The West and in particular the city of Rome are privileged, as are Latin sources. Gassman makes this limitation explicit and justifies it by correctly pointing out that a full survey of all polytheistic belief throughout the Roman Empire would be both impossibly unwieldy and, given the limitations of our sources, impossible (14). Similar studies on other parts of the Empire, then, would be welcome indeed. One wonders, for example, how the concept of “paganism” developed in the other great intellectual centers of late antiquity, Alexandria and Antioch, where we do have a similar surfeit of literary and epigraphic material from which to draw. Graduate students in search of dissertation topics might take note.

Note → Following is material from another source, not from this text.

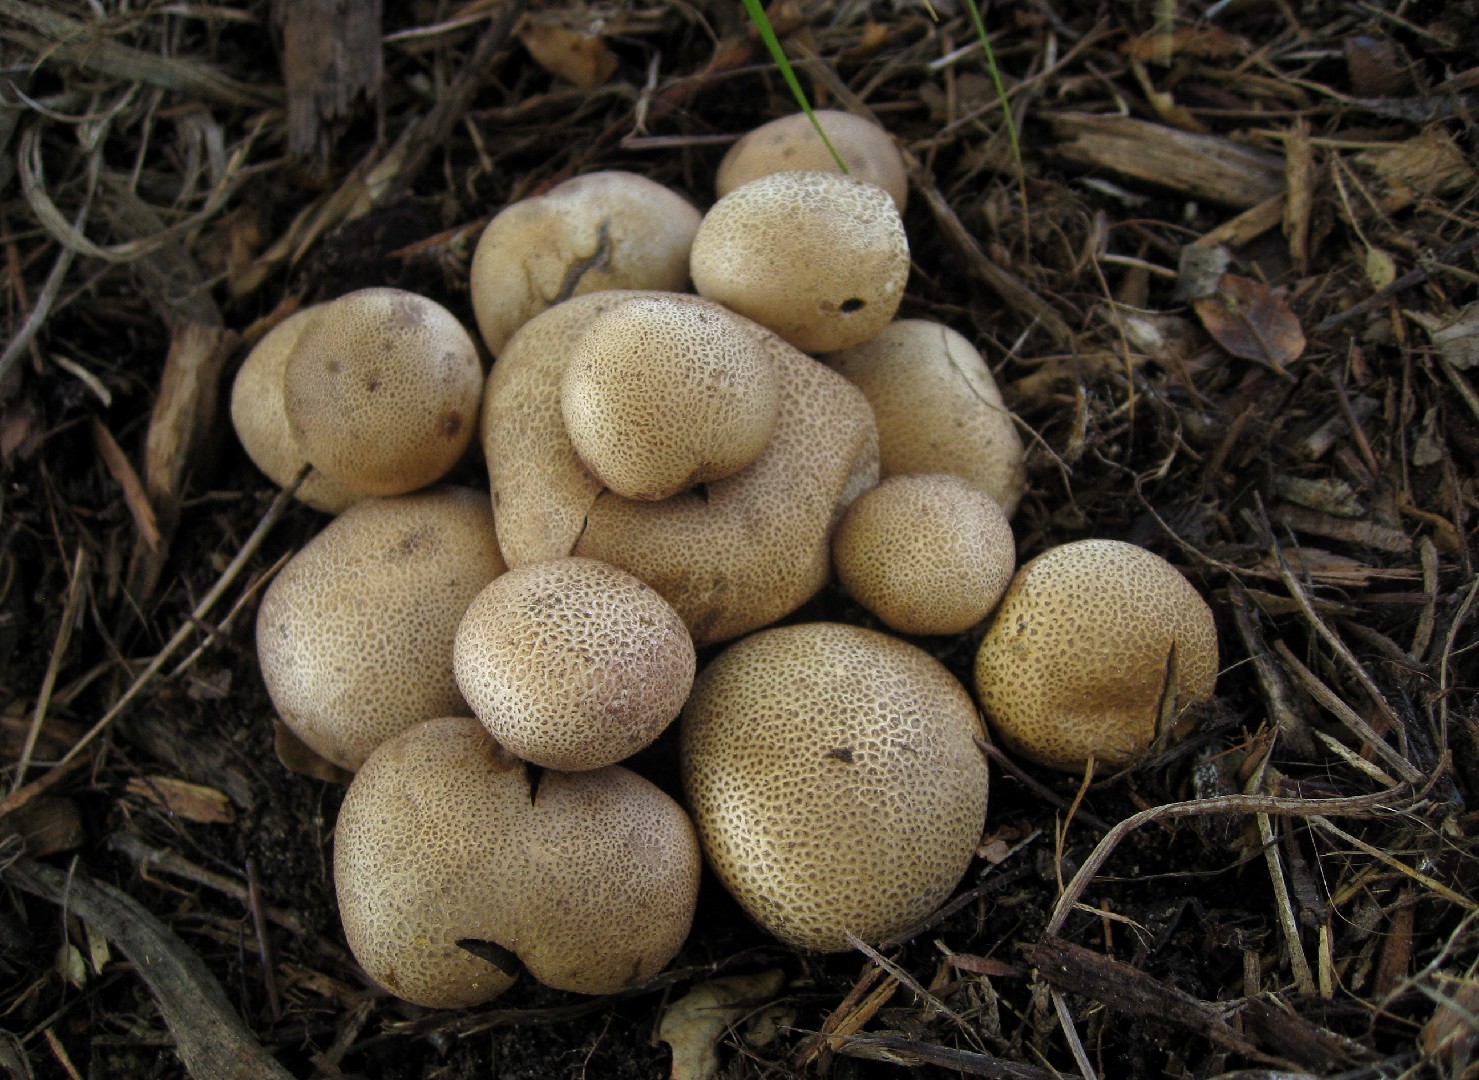 양파어리알버섯 (Scleroderma cepa)

Some omitted elements are a little more surprising. The influence of Julian is dismissed almost entirely on the grounds that “his Platonist philosophy and pro-pagan legislation exercised little influence on contemporary Western writers” (16). But one wonders about his place as a lingering nightmare at the edges of late antique Christian thought. Even if Julian himself was ineffective in achieving his goals, did the specter of an emperor “given over to the oracles of those gods” (Aug. De civ. Dei 4.29: deorum illorum oraculis deditus) in any way influence Christian discourse on paganism? Heresy and Judaism are also passed over, despite a very long history of Christians defining themselves and the “worship of the true” partly in response to the definitions proffered by Jews and other Christians. These omissions are not as clearly explained as the book’s centering of the Latin West is.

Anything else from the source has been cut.